▶ [WHAT YOU NEED TO DO]
Below are the records. Retype exactly the lines between the lines holding "Inde India 1989" and "Selinsgrove, PA.", inclusive.

_ _ _ _

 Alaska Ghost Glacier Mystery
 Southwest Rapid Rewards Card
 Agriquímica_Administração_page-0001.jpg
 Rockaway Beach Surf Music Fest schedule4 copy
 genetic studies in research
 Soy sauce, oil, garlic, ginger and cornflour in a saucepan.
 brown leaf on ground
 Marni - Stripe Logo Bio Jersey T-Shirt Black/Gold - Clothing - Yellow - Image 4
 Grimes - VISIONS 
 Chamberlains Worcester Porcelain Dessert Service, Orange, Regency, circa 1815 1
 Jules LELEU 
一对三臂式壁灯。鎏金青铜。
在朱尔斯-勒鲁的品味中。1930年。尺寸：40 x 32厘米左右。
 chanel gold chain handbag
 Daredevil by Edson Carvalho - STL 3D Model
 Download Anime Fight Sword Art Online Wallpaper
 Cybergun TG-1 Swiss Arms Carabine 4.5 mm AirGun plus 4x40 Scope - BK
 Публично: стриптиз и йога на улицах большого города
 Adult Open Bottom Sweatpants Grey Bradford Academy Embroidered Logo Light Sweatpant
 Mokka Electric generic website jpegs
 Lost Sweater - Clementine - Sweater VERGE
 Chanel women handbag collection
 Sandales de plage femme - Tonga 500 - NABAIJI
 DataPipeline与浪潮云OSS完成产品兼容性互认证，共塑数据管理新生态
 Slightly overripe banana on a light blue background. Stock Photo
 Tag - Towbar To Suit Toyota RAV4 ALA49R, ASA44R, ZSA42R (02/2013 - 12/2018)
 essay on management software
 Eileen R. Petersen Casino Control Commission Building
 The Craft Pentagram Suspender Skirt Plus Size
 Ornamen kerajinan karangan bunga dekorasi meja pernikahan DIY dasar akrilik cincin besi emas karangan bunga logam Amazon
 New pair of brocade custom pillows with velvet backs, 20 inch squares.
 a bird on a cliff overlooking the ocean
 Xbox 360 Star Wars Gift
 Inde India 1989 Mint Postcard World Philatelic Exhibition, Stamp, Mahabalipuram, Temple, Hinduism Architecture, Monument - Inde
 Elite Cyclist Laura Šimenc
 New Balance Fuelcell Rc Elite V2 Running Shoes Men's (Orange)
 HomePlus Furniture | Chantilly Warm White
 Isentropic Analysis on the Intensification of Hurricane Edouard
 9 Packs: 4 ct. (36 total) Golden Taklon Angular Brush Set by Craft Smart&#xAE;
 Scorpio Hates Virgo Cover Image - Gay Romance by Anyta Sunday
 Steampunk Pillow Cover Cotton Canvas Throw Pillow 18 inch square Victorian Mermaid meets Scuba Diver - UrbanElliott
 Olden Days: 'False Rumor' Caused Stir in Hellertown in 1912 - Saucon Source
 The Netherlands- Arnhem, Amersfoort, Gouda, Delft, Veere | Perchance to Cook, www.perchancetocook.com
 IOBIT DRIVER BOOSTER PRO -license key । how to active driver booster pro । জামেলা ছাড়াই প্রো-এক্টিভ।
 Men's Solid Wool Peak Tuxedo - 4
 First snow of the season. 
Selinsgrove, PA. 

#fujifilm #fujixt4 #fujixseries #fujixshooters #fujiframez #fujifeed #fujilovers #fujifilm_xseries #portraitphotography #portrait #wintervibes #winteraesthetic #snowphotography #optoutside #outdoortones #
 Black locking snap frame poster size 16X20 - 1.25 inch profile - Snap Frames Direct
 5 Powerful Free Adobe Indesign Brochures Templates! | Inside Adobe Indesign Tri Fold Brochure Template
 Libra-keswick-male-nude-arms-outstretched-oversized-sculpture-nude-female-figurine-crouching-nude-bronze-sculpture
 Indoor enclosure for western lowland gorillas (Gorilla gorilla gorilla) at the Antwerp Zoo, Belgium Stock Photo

_ _ _ _

▶ [YOUR RESPONSE]
 Inde India 1989 Mint Postcard World Philatelic Exhibition, Stamp, Mahabalipuram, Temple, Hinduism Architecture, Monument - Inde
 Elite Cyclist Laura Šimenc
 New Balance Fuelcell Rc Elite V2 Running Shoes Men's (Orange)
 HomePlus Furniture | Chantilly Warm White
 Isentropic Analysis on the Intensification of Hurricane Edouard
 9 Packs: 4 ct. (36 total) Golden Taklon Angular Brush Set by Craft Smart&#xAE;
 Scorpio Hates Virgo Cover Image - Gay Romance by Anyta Sunday
 Steampunk Pillow Cover Cotton Canvas Throw Pillow 18 inch square Victorian Mermaid meets Scuba Diver - UrbanElliott
 Olden Days: 'False Rumor' Caused Stir in Hellertown in 1912 - Saucon Source
 The Netherlands- Arnhem, Amersfoort, Gouda, Delft, Veere | Perchance to Cook, www.perchancetocook.com
 IOBIT DRIVER BOOSTER PRO -license key । how to active driver booster pro । জামেলা ছাড়াই প্রো-এক্টিভ।
 Men's Solid Wool Peak Tuxedo - 4
 First snow of the season. 
Selinsgrove, PA. 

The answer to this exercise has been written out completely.